Cricket season review

The 1832 English cricket season was the sixth of the roundarm era. (Note: Any match listed in the ACS' Important Match Guide (1981) is historically important, and therefore of the highest standard, whether or not a scorecard might exist. The same applies to numerous matches discovered by researchers since 1981. For further information, see First-class cricket.) No team was proclaimed as "champion county". The season was overshadowed by the death of James Saunders on 27 March. He was only 29 and had been ill with consumption for the last two years.
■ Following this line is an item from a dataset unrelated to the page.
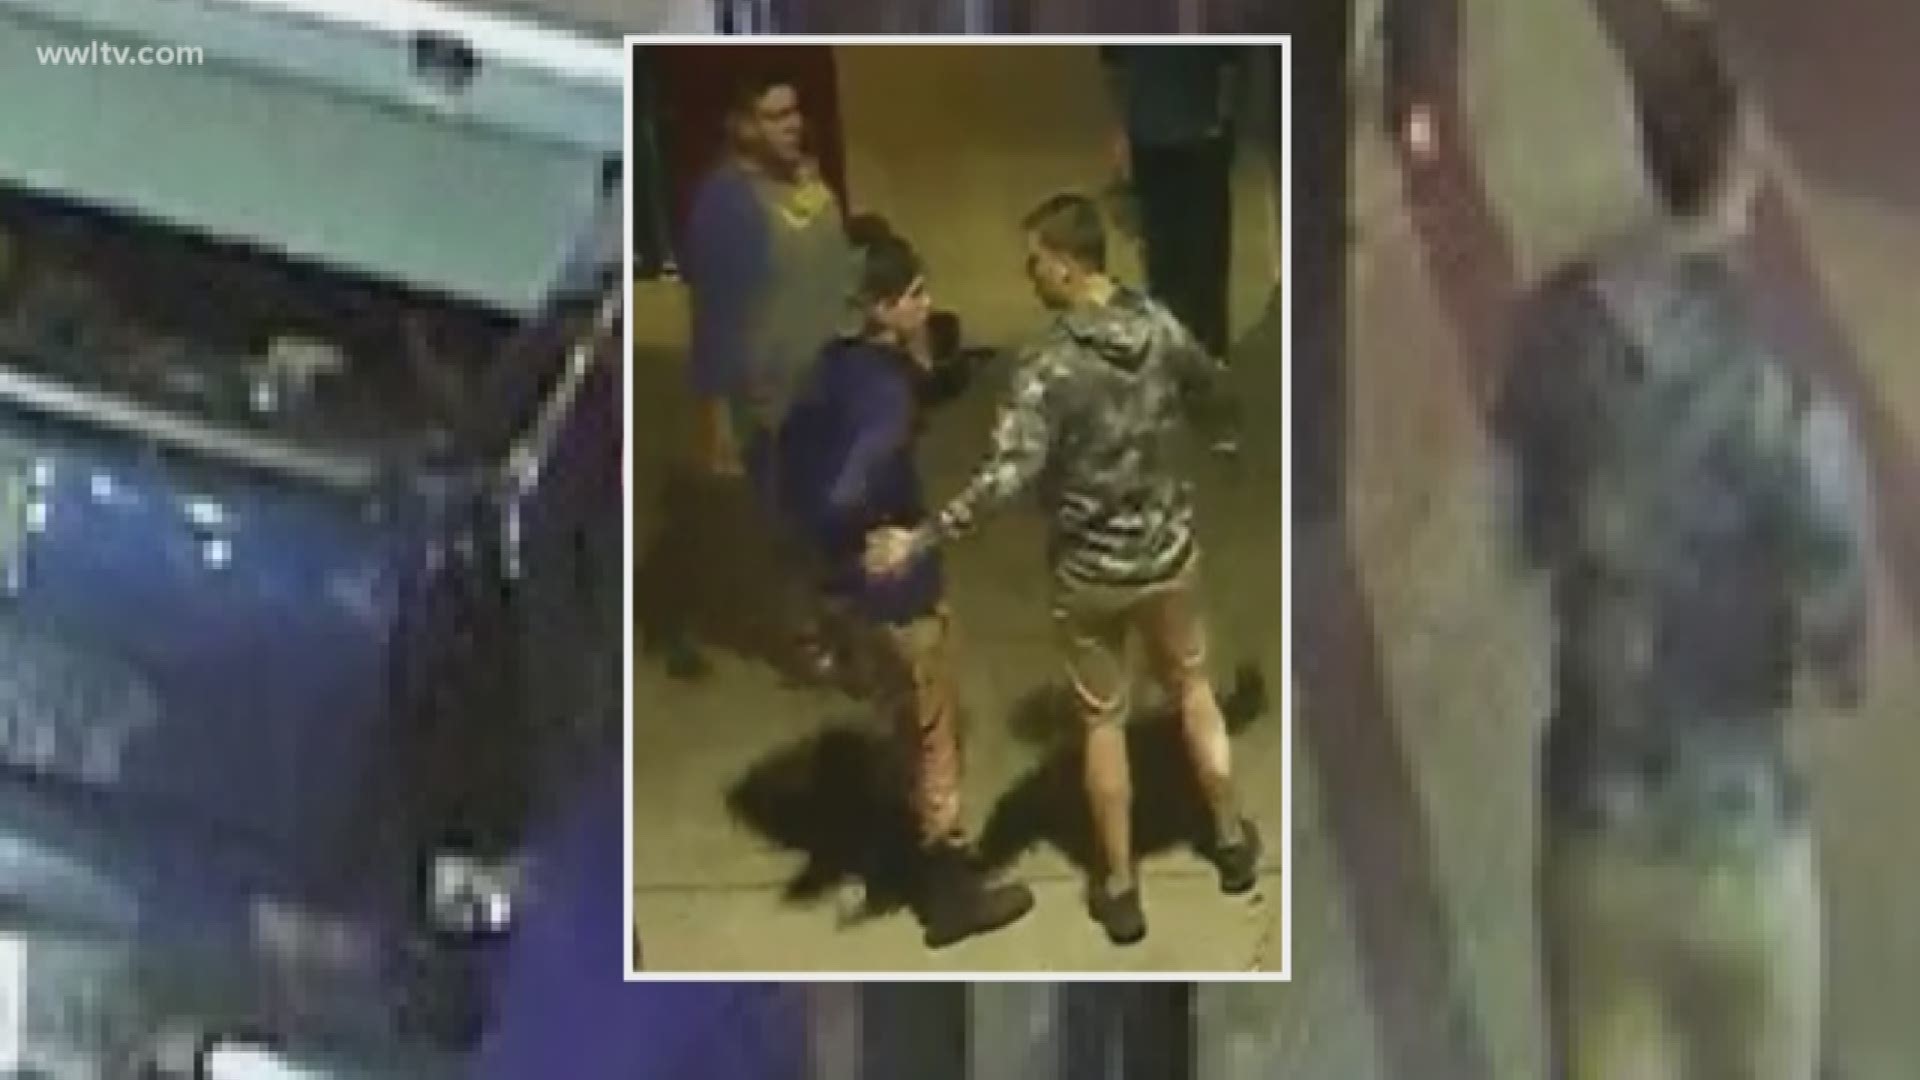 The NOPD says they need the public's help identifying the three men, caught on security footage beating a man with brass knuckles and beer bottles.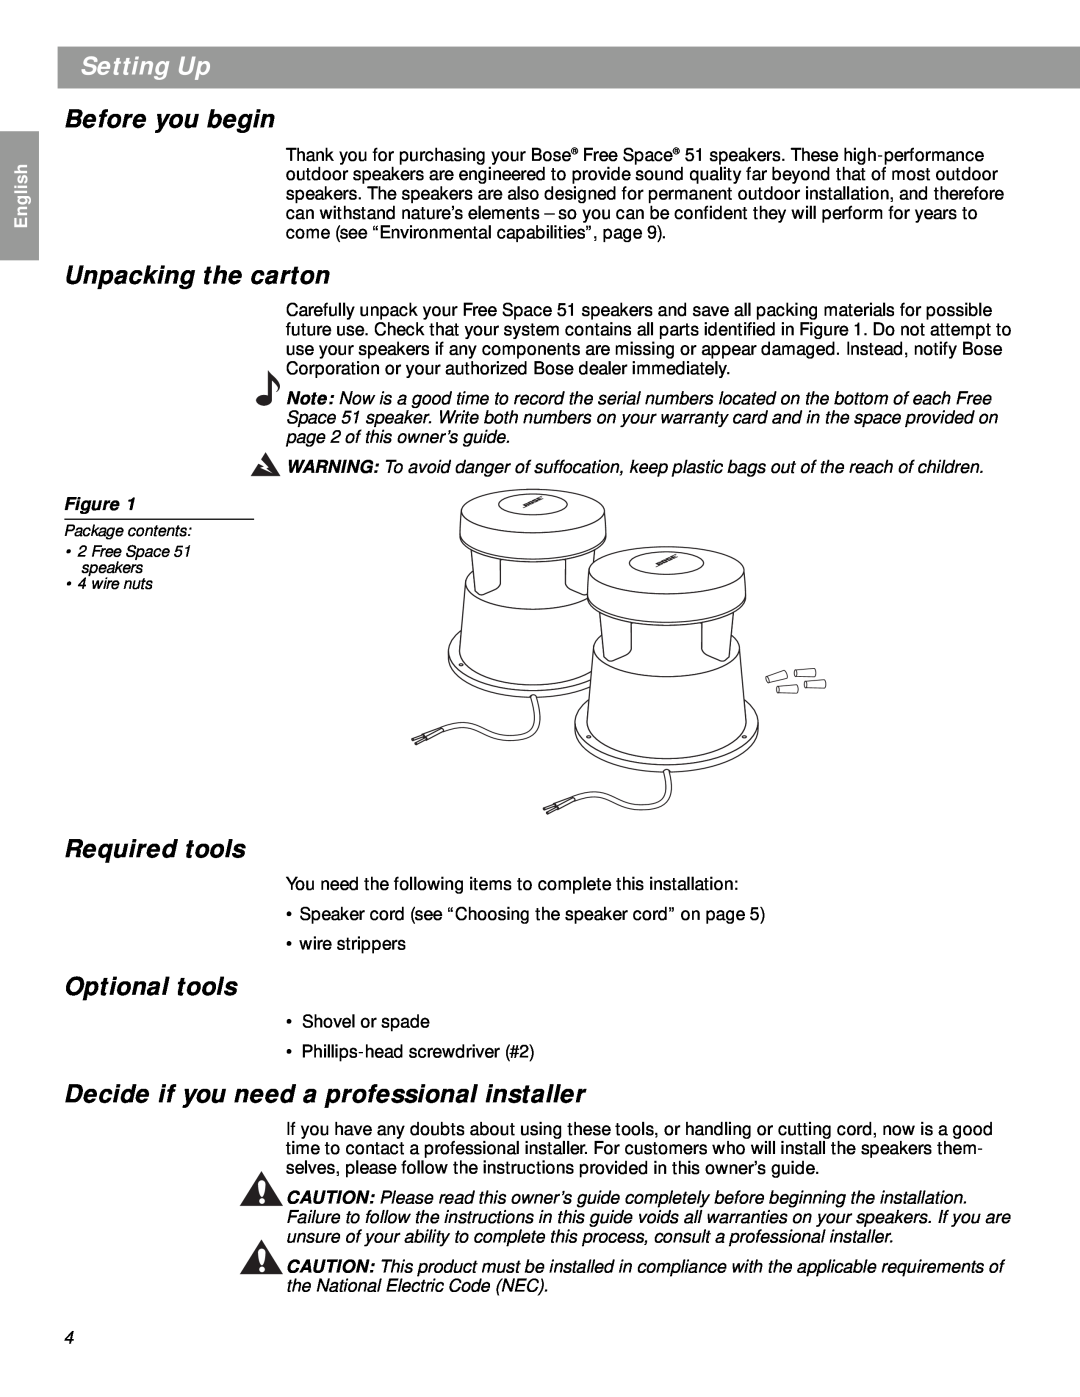 Bose 51 manual Setting Up, Before you begin, Unpacking the carton, Required tools, Optional tools, English

Scores and Biographies states that he was a "great batsman" who "had scarcely reached his prime". He was a fine attacking batsman who had the potential to be one of the greats.

==Important matches==
- 1832 match list

==Leading batsmen==
Fuller Pilch was the leading runscorer with 287 @ 31.88

Other leading batsmen were William Ward, Ned Wenman, William Lillywhite and Jem Broadbridge

==Leading bowlers==
William Lillywhite was the leading wicket-taker with 71.

Other leading bowlers were C. J. Harenc, Fuller Pilch, J. Cobbett, W. H. Caldecourt and Jem Broadbridge

==Bibliography==
- ACS (1981). "A Guide to Important Cricket Matches Played in the British Isles 1709–1863"
- Haygarth, Arthur (1997). "Scores & Biographies, Volume 2 (1827–1840)"
- Warner, Pelham (1946). "Lords: 1787–1945"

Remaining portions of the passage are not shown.